The online pocket money site Roosterbank.com just released their first Pocket Money Index and they want to know what you think about all things pocket money.

Here's what they say about it: "The PMI is a fun glimpse into the habits of young pocket money earners on Roosterbank.com with some surprising results. Families give pocket money differently and ultimately it's up to you as to how you approach it. Roosterbank.com can help provide some structure along the way."

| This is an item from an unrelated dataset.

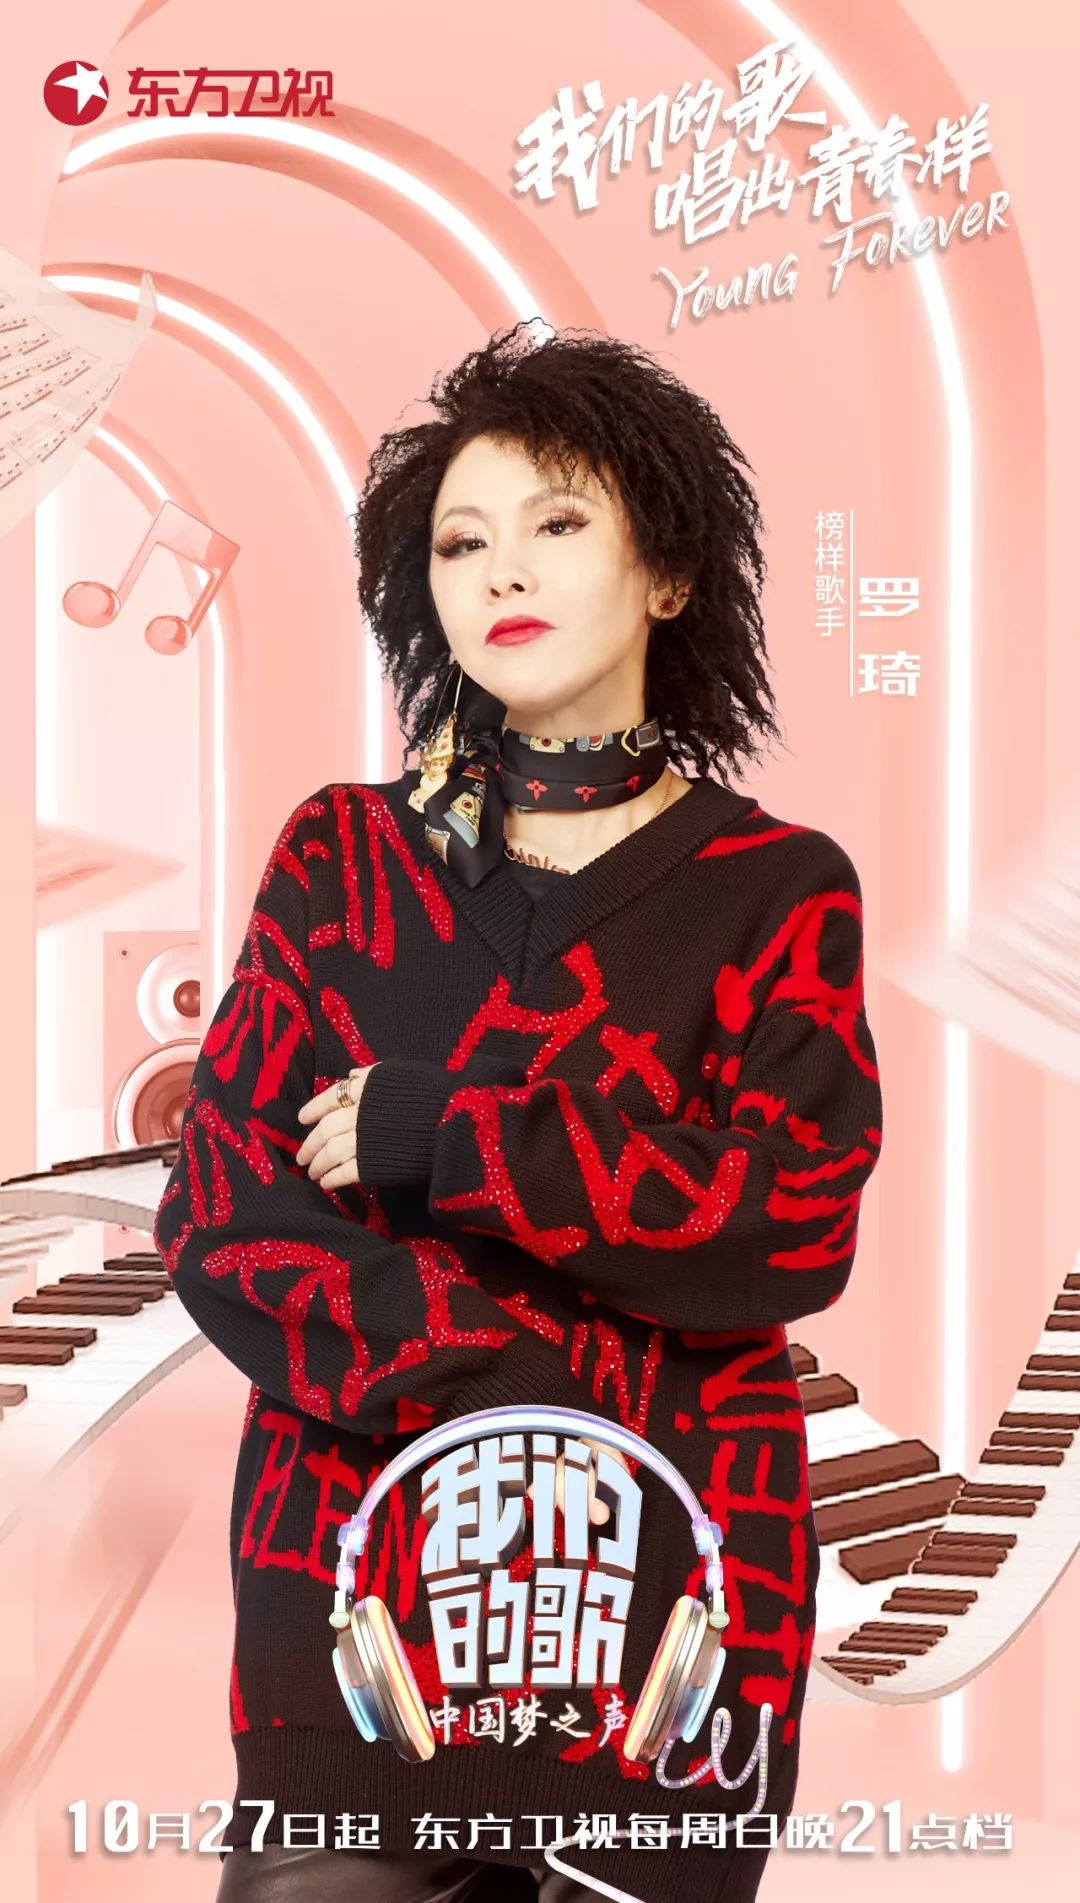 1991年出道,罗琦作为指南针乐队的主唱,曾被称为中国摇滚乐第一女嗓

Please do take a look at the index and post what you think about it on this thread. If you give pocket money on a regular basis, Roosterbank.com would also like to know:

~ Do your DCs have to do anything to earn their pocket money? e.g. chores, completing a reward chart etc. If not, why not?

~ Are your DCs on par with the Index, above or below?

Every Mumsnetter who posts on this thread will be entered into a prize draw to win a first prize of a £150 Amazon Voucher and four runners up will win £20 vouchers each.

Roosterbank.com also have an exclusive offer for Mumsnetters - please do take a look at how it works and sign up here.

Thanks and good luck with the prize draw!
MNHQ

kotinka Fri 26-Apr-13 19:10:26

Message withdrawn at poster's request.

ThePskettiIncident Fri 26-Apr-13 19:14:45

My Ds isn't old enough for pocket money, but we have a "Days out" jar which I put change into and any little bits of cash from family. We save it up for a big day out to the zoo or a play farm.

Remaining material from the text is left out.